Former President John Dramani Mahama has bemoaned the inability of graduates to find jobs in their native African countries even though the Gross Domestic Product (GDP) of the continent keeps rising.
Mr Mahama, who is seeking to unseat President Nana Akufo-Addo in 2020, told a gathering at a seminar on the theme: “Democracy & Elections in Contemporary Africa” at the Saïd Business School, Oxford University, UK, on Friday, 10 May 2019, that: “Africa has a burgeoning population; economic growth is not translating into jobs as fast as it is necessary to keep up with population growth”.
He said it is estimated that about 12 million graduates are churned out yearly from tertiary institutions in Africa and yet “less than 5 million sustainable job places are available for them each year”.
He indicated that despite the significant achievements chalked by the continent, “African democracy is still fragile and faces many challenges. The dividends of democracy are still not immediately tangible to the African population”.
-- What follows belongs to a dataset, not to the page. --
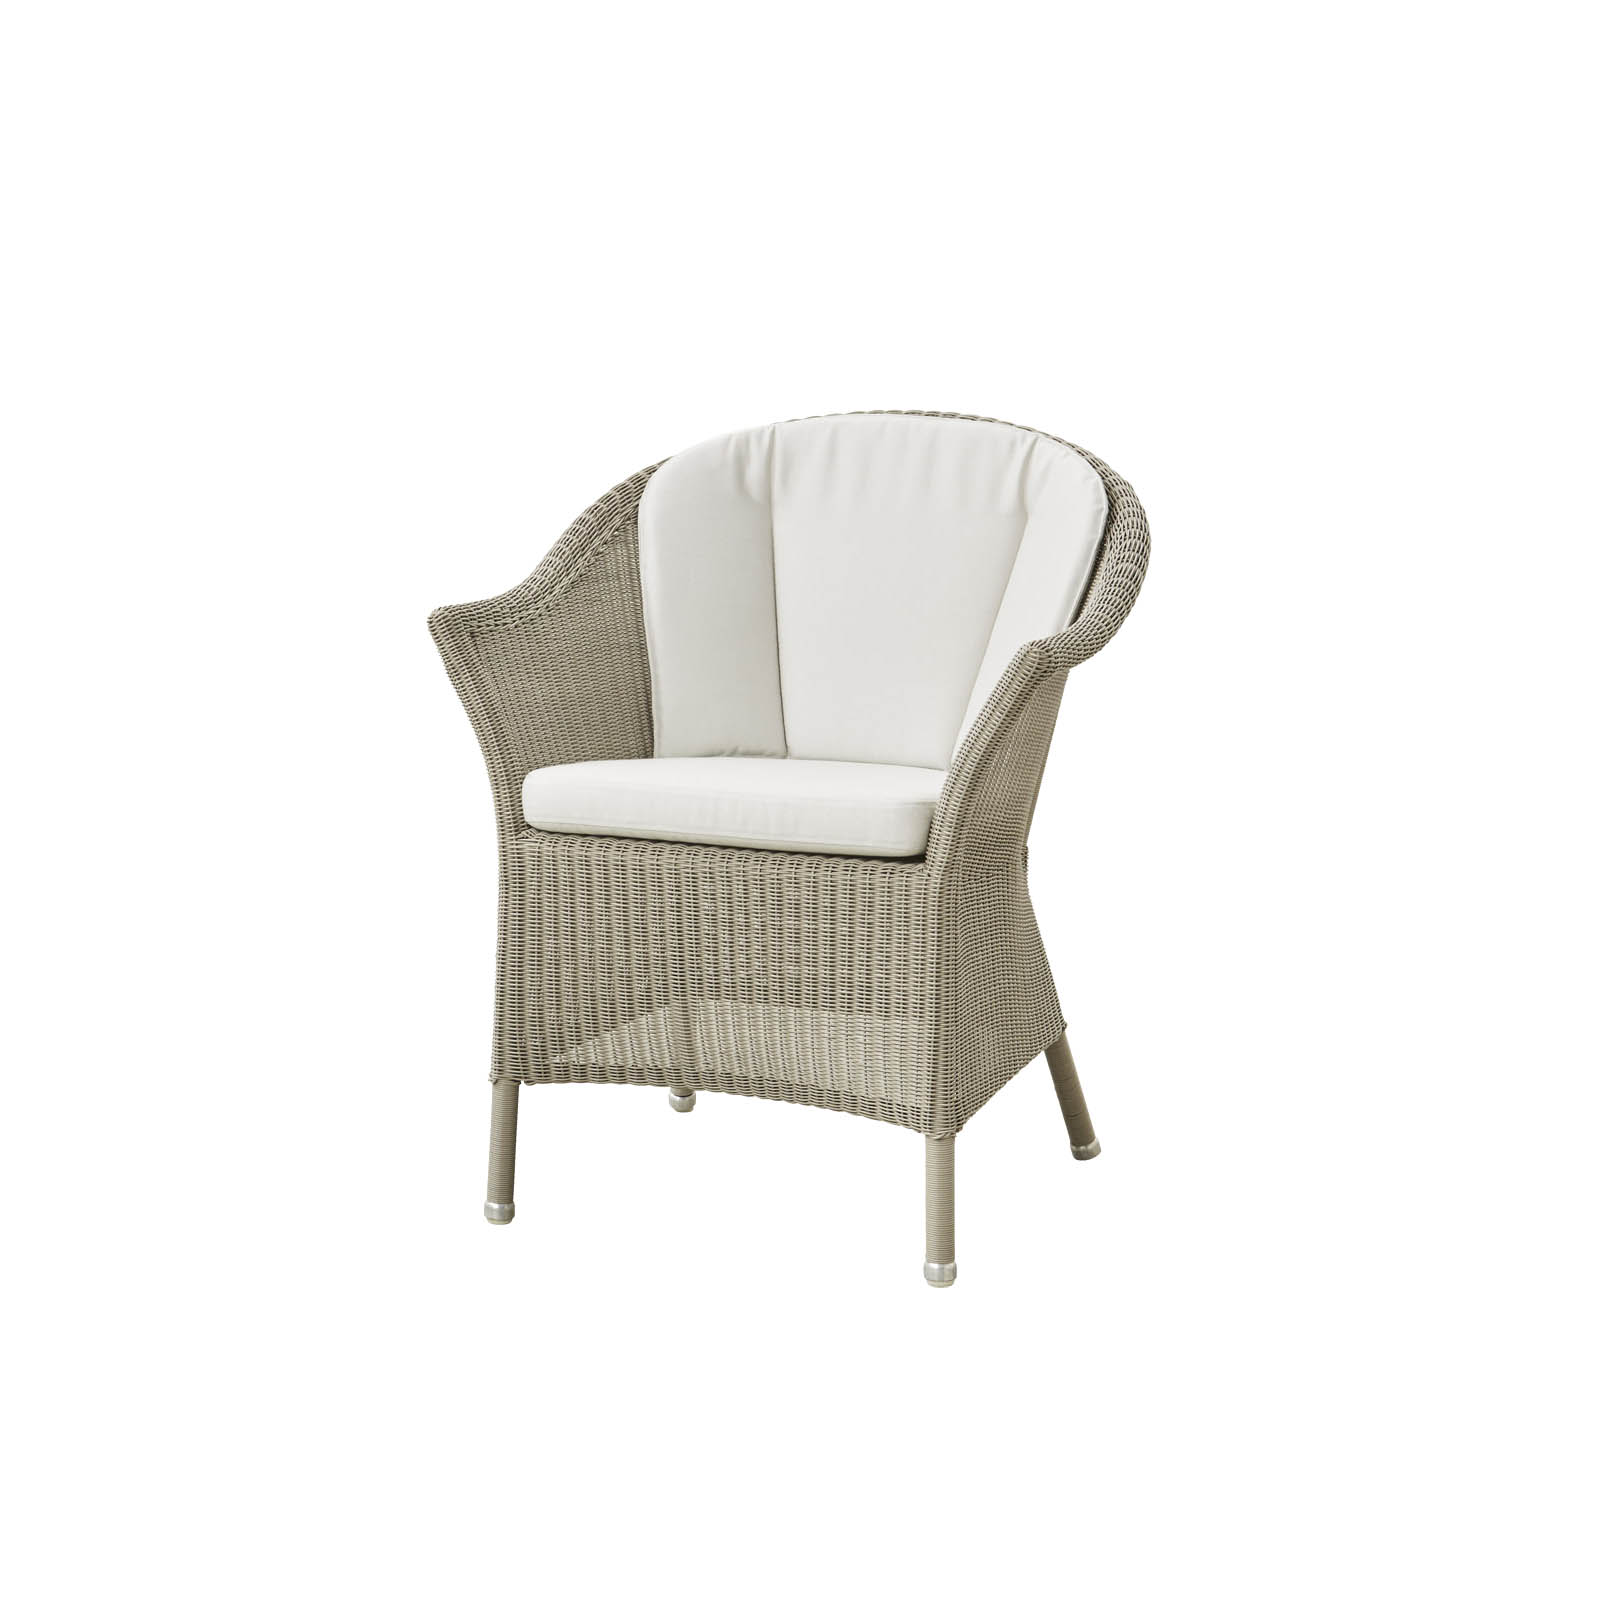 Lansing Stuhl aus Cane-line Weave in Taupe mit Kissen aus Cane-line Natté in White und Kissen aus Cane-line Natté in White

He cited major inequalities and unfair enjoyment of the fruits of economic growth by different classes in African countries.
“Many vulnerable groups are losing out while the affluent of the growing prosperous classes is being flaunted in their faces,” he said.
He was of the view that the result is the questioning of the need for citizens to exercise their democratic right during elections “when they feel no tangible improvements in their lives”.
He was worried that social safety nets have not been effective to bridge the gap between the poor and the rich, leading to democracy fatigue.
For him, democracy should move beyond elections of different groups into governance positions and should be about improvement in people’s lives, access to social services, jobs and employment, social justice, fight against corruption and establishment of strong institutions.